Во всяком случае, все это вполне очевидно, и сами наши излияния, настаиваю на этом, нас выдают. Мы не торопимся слушать Мюрзек. Мы предчувствуем, что то, что она нам скажет, удвоит нашу тревогу. А нам после всех передряг хочется одного – чтобы эта тревога пребывала по-прежнему в спячке. Да, таково в этот миг наше самое сильное желание. Забыть о том суетном и лихорадочном деле, каким является жизнь, и погрузиться в блаженное оцепенение, к которому нас так манят свет, и тепло, и вернувшееся ощущение комфорта, и сытый желудок, и моторы самолета, мягко урчащие вокруг нас, словно укачивая.
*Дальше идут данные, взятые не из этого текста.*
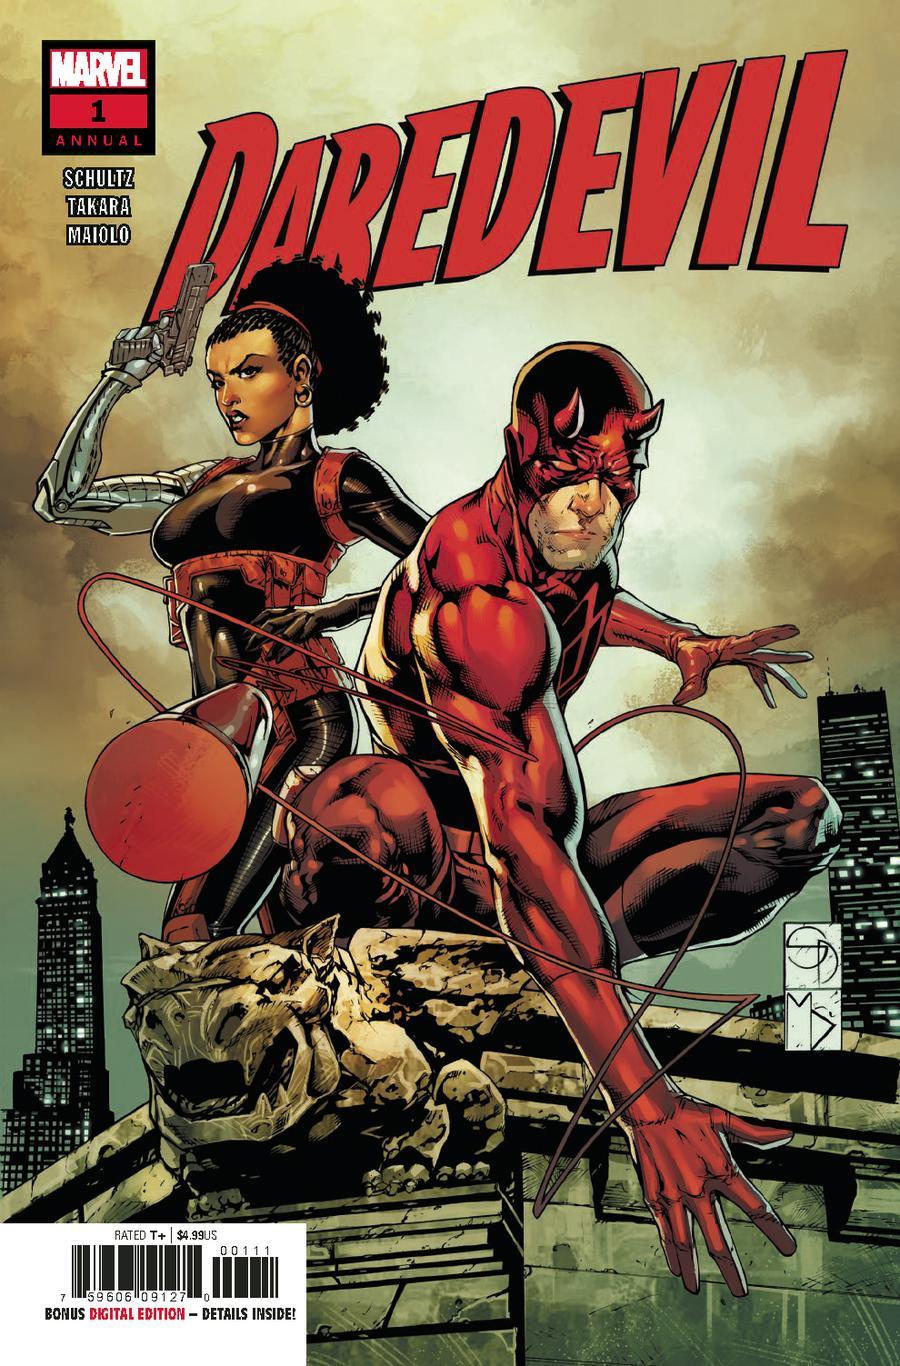 Daredevil Vol 5 Annual #1 2018 Cover A Regular Shane Davis Cover
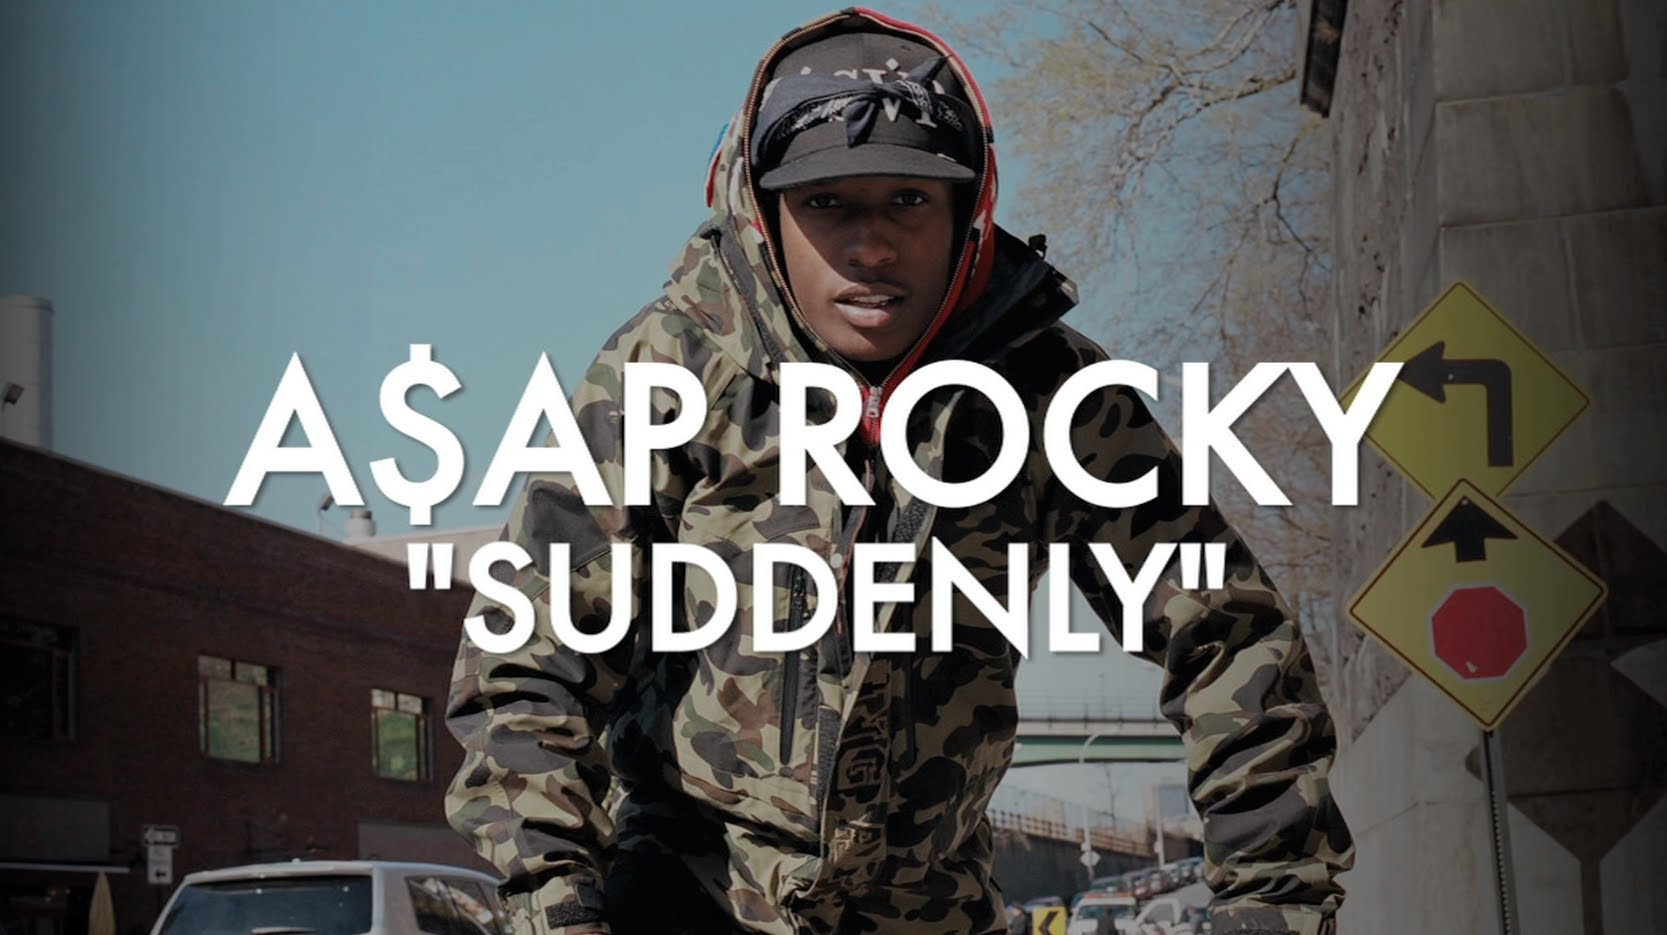 A$AP Rocky's Documentary SVDDENLY - Trailer

На поверхности нашего сознания, забывая о зловещих предчувствиях, таящихся на дне, колышется мысль: раз уж самолет взлетел, он обязательно должен куда-нибудь прилететь. И почему бы не в Мадрапур? Захват самолета и изменение его курса, взятие заложников, угроза смерти, висевшая над Мишу, изгнание Мюрзек – все это не более чем «перипетии», как выразился бы Караман. Мишу жива и здорова, Мюрзек снова среди нас, самолет летит прежним курсом.
В конце концов, мы живем в цивилизованном – в нашем, западном – мире, который и в воздухе продолжает нас защищать. Зачем тревожиться понапрасну? Все в конечном счете уладится, если не считать, разумеется, убытков, которые мы понесли, но они из разряда тех неприятных случайностей, от которых не застрахован ни один турист. Что нам действительно нужно теперь, когда надвигается ночь и наша совесть умиротворена добрым приемом, который мы оказали Мюрзек, – это несколько часов хорошего сна. Когда рассветет, все покажется легче и проще.
Тишина продолжается, каждый замкнулся в себе, мы уже почти засыпаем. У меня слипаются веки, я смутно вижу сквозь них Мюрзек, которая своими длинными желтыми зубами перемалывает последнюю корку последнего тоста. Но моя дремота мгновенно улетучивается, когда с кресла встает бортпроводница. С радостью, которая, видно, у меня никогда не иссякнет, я слежу за всеми перемещениями ее прелестного тела.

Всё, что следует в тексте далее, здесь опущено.